いつだったか「みすず」で読んだエッセイに、戦時でともかく人手も物資もない、治療するにも薬品がない、そんな状況でつぎつぎ担ぎこまれる空襲の負傷者に「緑茶のカテキンには殺菌作用」と茶殻をまぶしていた…とか、そんな話がありました。

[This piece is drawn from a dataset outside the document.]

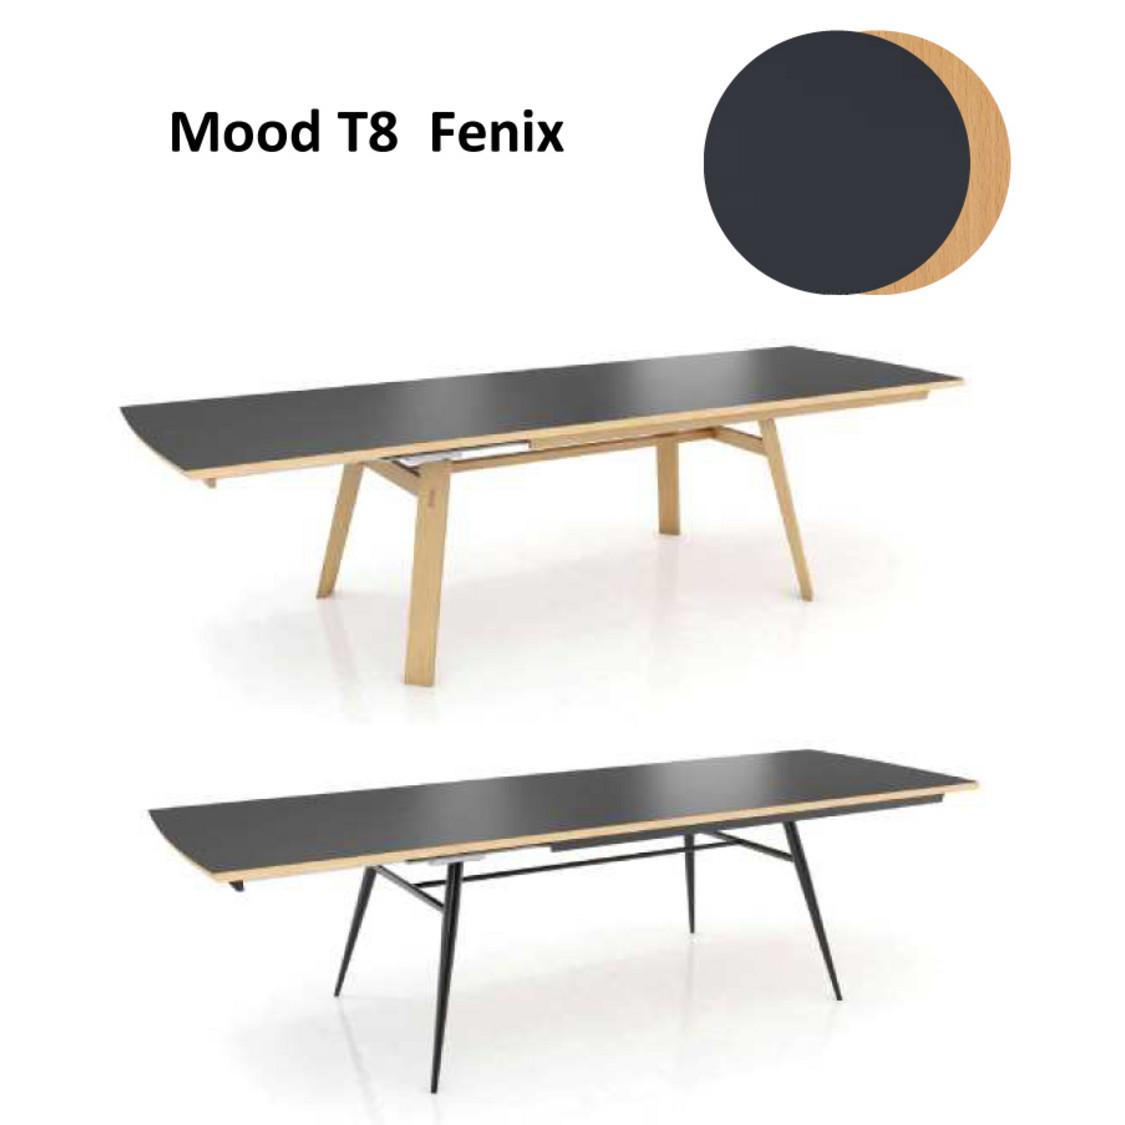 esstische mobel ehrmann. Black Bedroom Furniture Sets. Home Design Ideas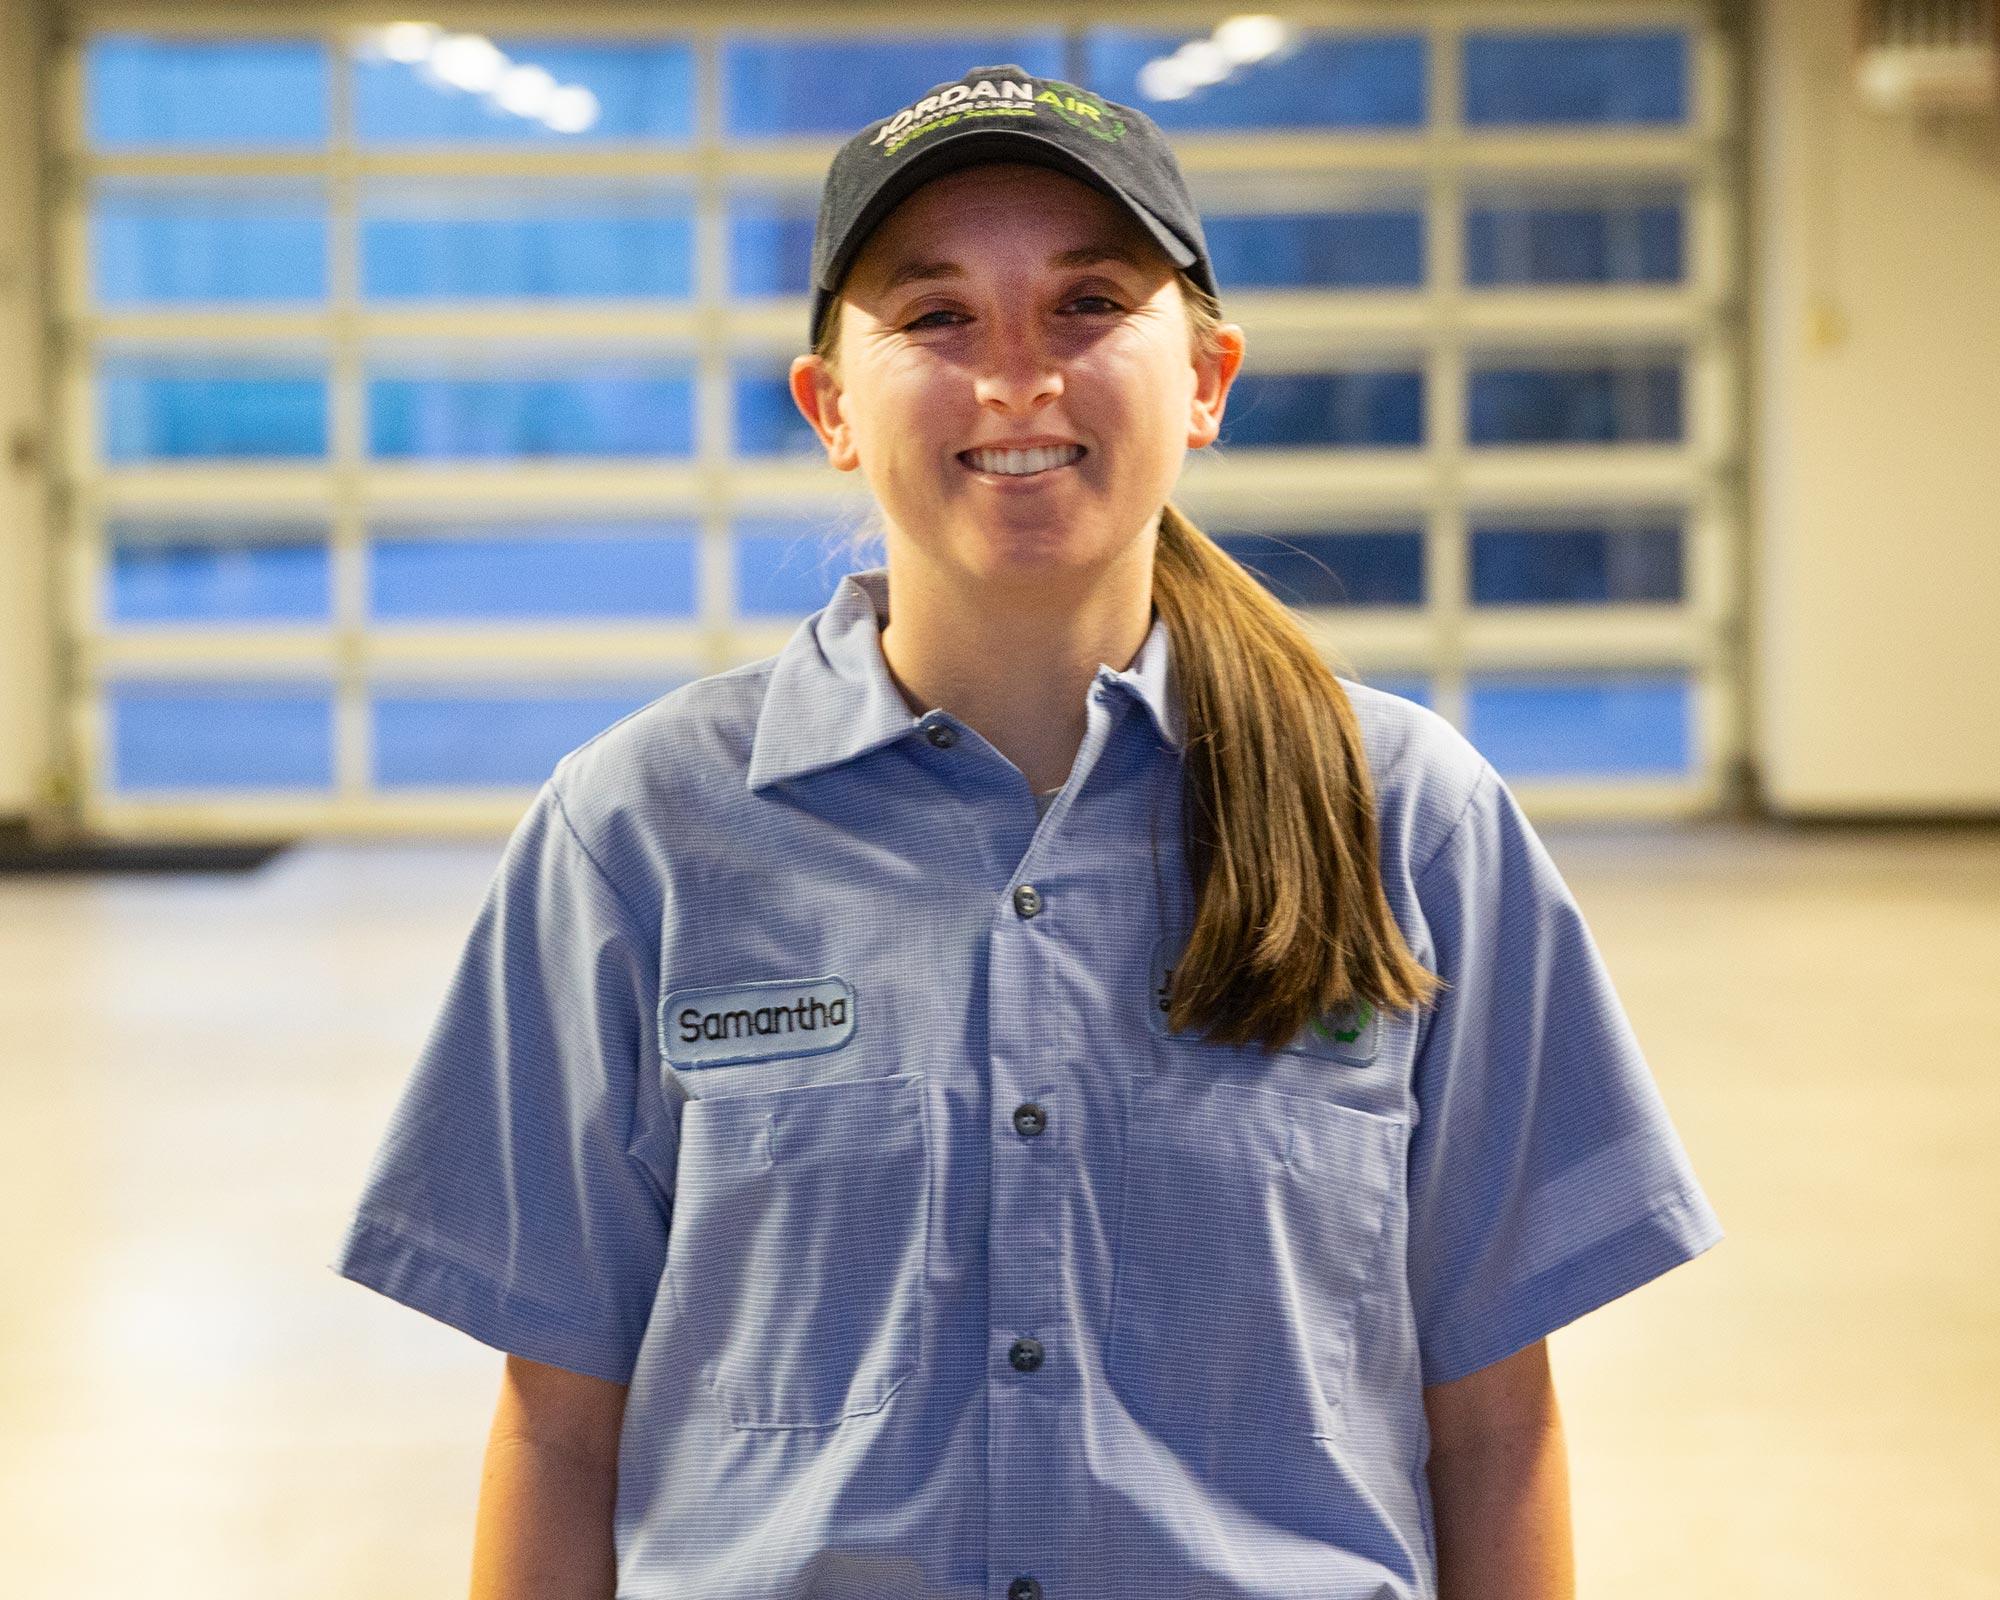 Samantha-Cash-(Service-Technician).jpg

それにしても私は、その神谷美恵子さんの脳についてのエッセイでも、練炭で煎った豆を食べ患者さんと同じ病棟に暮らし治療にあたっていたとか、そんな些細なことしか覚えておりません。大川周明の鑑定の話やら、腫瘍が脳の深部にできていた患者さんとご家族の話などもあったはずなのですが(だからこそ「脳について」のエッセイなのであって)、なぜか記憶に残るは茶殻と豆。神谷さんの胃腸は頑健だったのだろうかと気にかかったことも覚えています。…こんな読者もいるのでしょう。

それと同じく、このダゴニェ『理性と薬剤』を紹介しながら薬の認識論をろんじる金森氏の論文においては、私が引っ張ってくるところの「イワシのあたま」なんてのは要点ではないのです。こんな部分ではないのです。引用ってこわいぜ。